For me, I just felt like my life was better high,” “Jay” another student said. “Rehab is not rock-bottom, its just the realization that you can do what you want to do with a sober life.”
Andrew Cooper, a probation officer with Dauphin County, presented the students with a number of statistics in the law of drunk driving and how its affects the young students.
“For any adult, the limit that they can be intoxicated is .08 percent for their blood alcohol level. For those under the age of 21, is .02, one drink, because your body is not fully developed and cannot process the alcohol fast enough,” Cooper said.
Eric Rothermel, of the Dauphin County YMCA explained how lungs are affected by smoking and how lung cancer and emphysema can affect how lungs are inflated.

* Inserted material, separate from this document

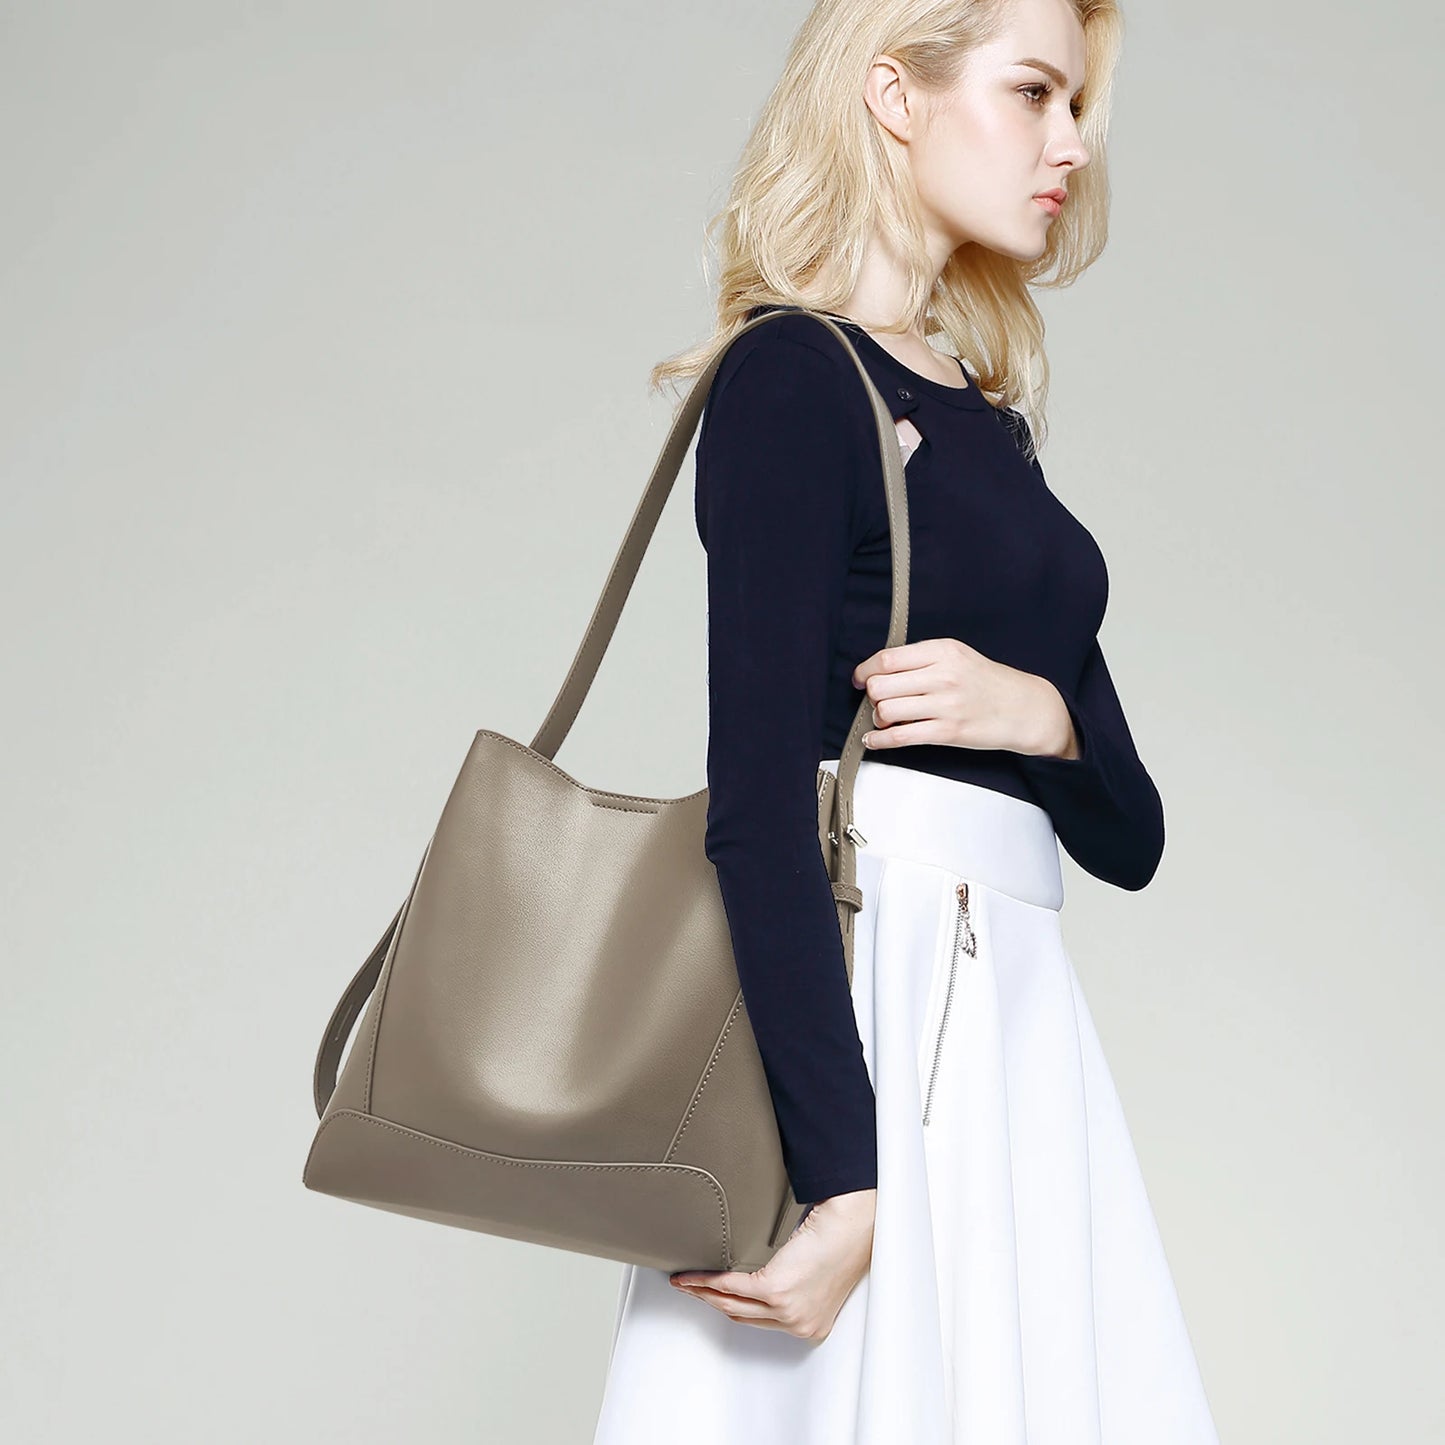 FOXER Lady Fashion Retro Shoulder Bag Large Capacity

“In a healthy lung, both lobes are inflated properly, while the diseased lung only goes halfway,” Rothermel said.
To demonstrate his point further, he called on four student volunteers to help him with an experiment. The student put a straw in their mouth and began to breathe through it, holding their nose so they could only breathe through the straw.”
Rothermel then had the students walk from one end of the room to the other, and many were out of breath from the constricted airway.
“You’ve just experienced what breathing is like for a person who suffers from lung disease,” Rothermel said.
The entire point of the day was summed up in a phrase from one of the presenters, Travis Snyder, representing the grass roots recovery group “The Skook Recovers”
“We hope that while you listen to us, you might gain a little bit of knowledge to make your own decisions and choices,” Snyder told the students. “Ask yourself the right questions and you can’t come up with the answer as to why you are doing something destructive, keeping asking yourself the questions. Develop awareness, the power of choice, and the understanding of right and wrong. Put that into practice and watch your life change.”